Who have been the winners and losers in our mobile society? Over a much longer period (1970-2006), we find that those over 65, native-born hispanics and blacks come out as big winners. Surprised? Their incomes (adjusted for inflation) increased by a significant 15-19%. The losers? Those without a high school diploma (or less) and those who never risked marriage. Their income went down 15-16%. Maybe we should simply promote education and marriage. Rick Santorum thinks so.

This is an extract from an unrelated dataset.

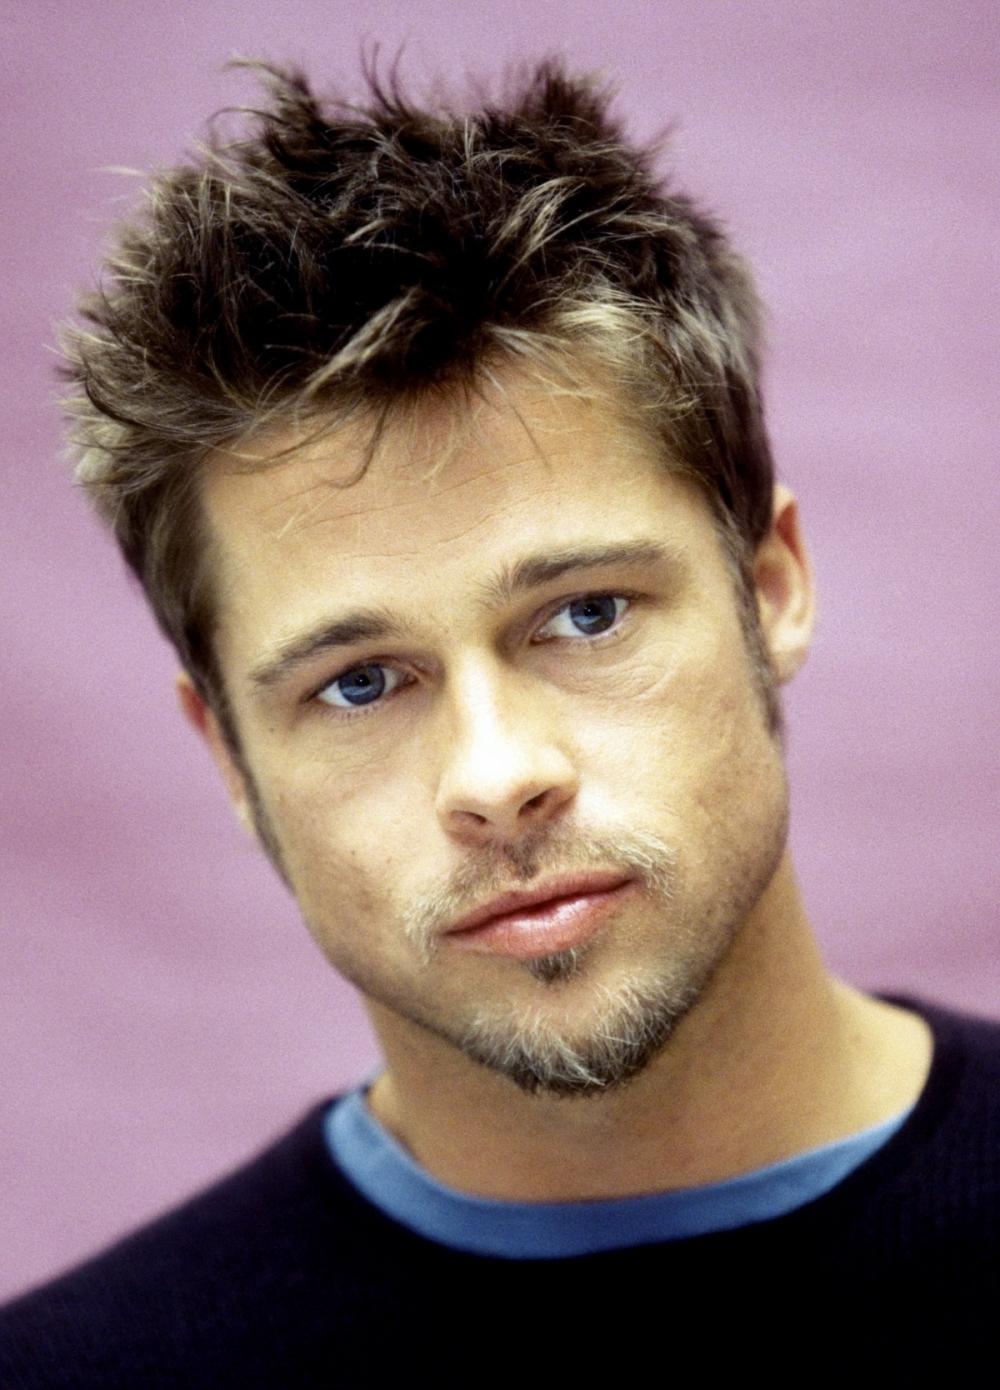 Pitt Brad Pitt Photo 10357738 Fanpop

While the government counts 16% of all Americans as being in poverty, only 6% agree! Yes, when asked, only 6% place themselves below lower-middle class. That translates into 27 million Americans who believe that they are better off than what their own government believes! No wonder the welfare train is so long. It picks up passengers who rather not get a free ride.

Here’s more. The Occupy Wall Street (OWS) protesters love to display their ” 99%/1%” signs. Allow me (and the IRS) tell you about that 1%. From 1996 to 2005, 59.7% of them got kicked out.

Let us recognize poverty for what it is — very different individuals with different potentials moving in and out of a set of bad conditions. It is not a static faceless group. Throwing a common social blanket over poverty won’t cover the problem. Instead, learning why poverty is a moving target will. And it will help our aim . . . and those who truly need our help.